By default the list of migrations to apply will be only the schema migrations and not seed data migrations (see next section for more); in a development or QA environment where you want seed data, pass `-s` / `--seed` to see what migrations including seed data migrations would be applied and pass `-s -e` / `--seed --execute` to actually apply them.

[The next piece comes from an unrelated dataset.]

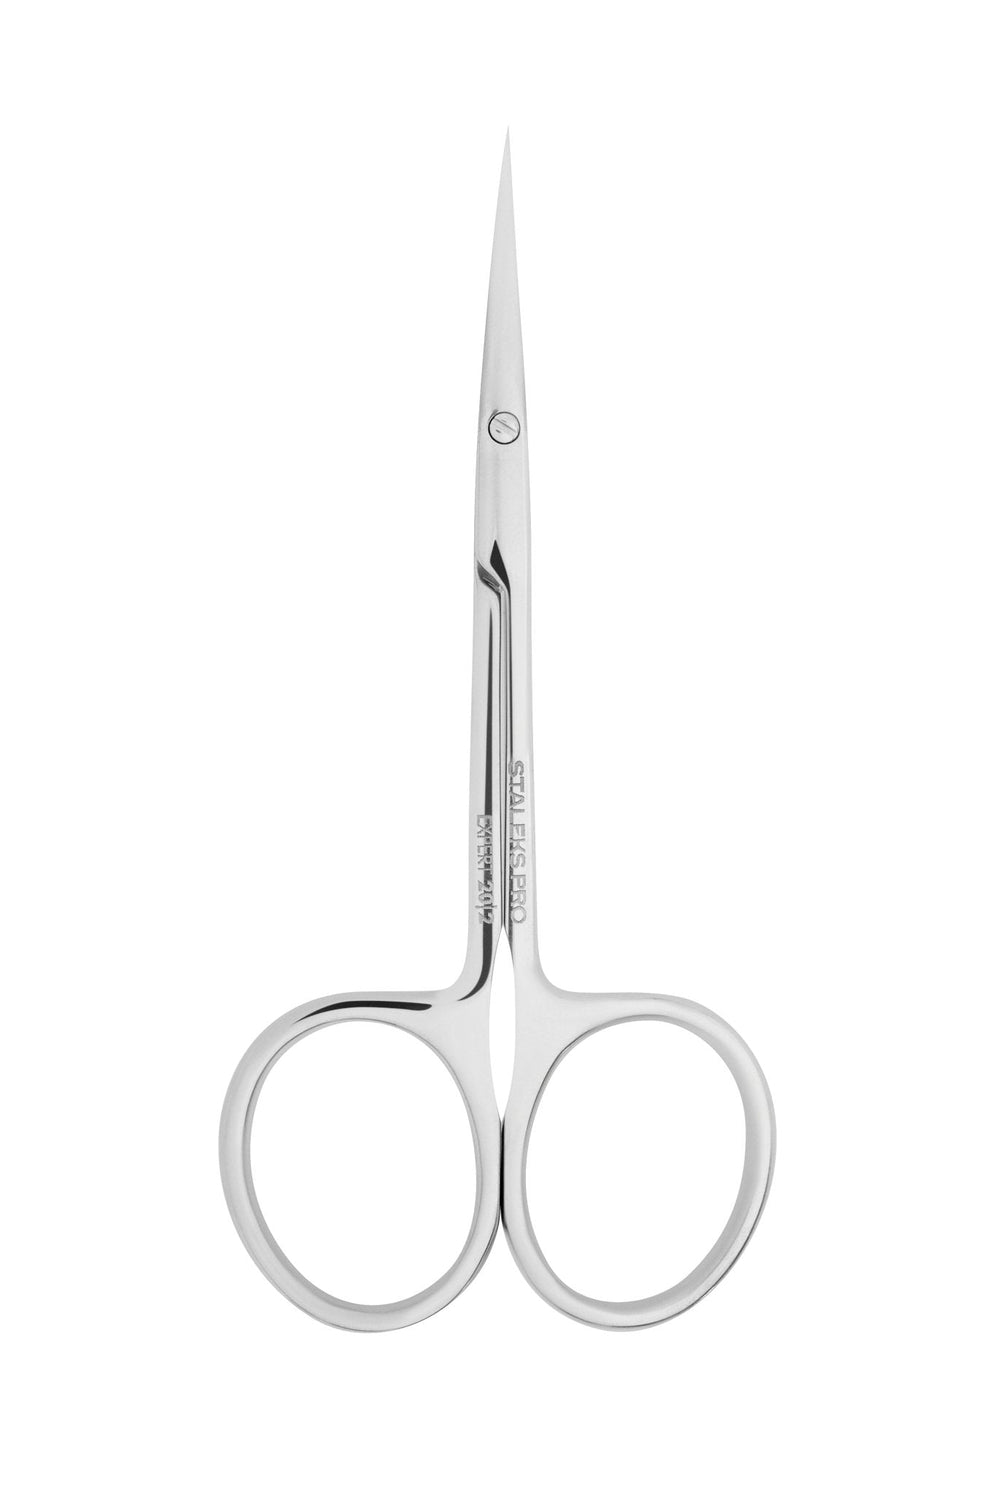 Staleks Pro Cuticle Scissors with Narrow Curved Blades Expert 20 Type 2 — 24 mm blades | U-tools

You can additionally request that the database be backed up prior to migration using `-b` / `--backup` and passing the path where you want the backup file created.

### Migration types

Migrations come in two flavors: `schemaMigration` and `seedDataMigration`. The former type are run everywhere, while the second type are only run when requested with `--seed` and the `refurb.config` table doesn't have the `prod_system` flag set. The two types are intended to help with a common workflow, where in development and QA environments it's helpful to have seed data installed in your database, e.g. test users and configuration. Conversely seed data should never make its way into production, especially when installing that seed data might be destructive.

Other than when they run, both types are equivalent in functionality.

As an extra check to make it hard to accidentally apply seed data migrations to production systems, `refurb` will flatly refuse to run any seed data migrations when the `prod_system` boolean is true in `refurb.config`. It's not possible to set this boolean via the `refurb` CLI, so just `update refurb.config set prod_system = 't'` to set it.

### Migration actions

Migration actions are Haskell actions of the type `MonadMigration m => m ()`. `MonadMigration` is defined this way (with `ConstraintKinds`):

```haskell
type MonadMigration m =
( MonadBaseControl IO m -- access to underlying IO
, MonadMask m -- can use bracket and friends
, MonadReader PG.Connection m -- can ask for a connection to the DB
, MonadLogger m -- can log using monad-logger
)
```

The database connection is of type `PG.Connection` with `PG` being `Database.PostgreSQL.Simple` from [`postgresql-simple`](https://github.com/lpsmith/postgresql-simple). So at its most basic a migration action could use that connection straightforwardly:

```haskell
executeMyMigration :: MonadMigration m => m ()
executeMyMigration = do
conn <- ask
rowsAffected <- PG.execute_ conn "create table foo (bar text)"
$logInfo "created foo!"
pure ()
```

Though this can be simplified as `refurb` provides several shorthands and utilities for writing migrations. They're located in the `Refurb.MigrationUtils` module and re-exported by `Refurb`. The previous example could be shortened to:

```haskell
executeMyMigration :: MonadMigration m => m ()
executeMyMigration =
void $ execute_ "create table foo (bar text)"
```

`execute_` being a helper which asks for the database connection and runs some query against it, logging that query at debug level.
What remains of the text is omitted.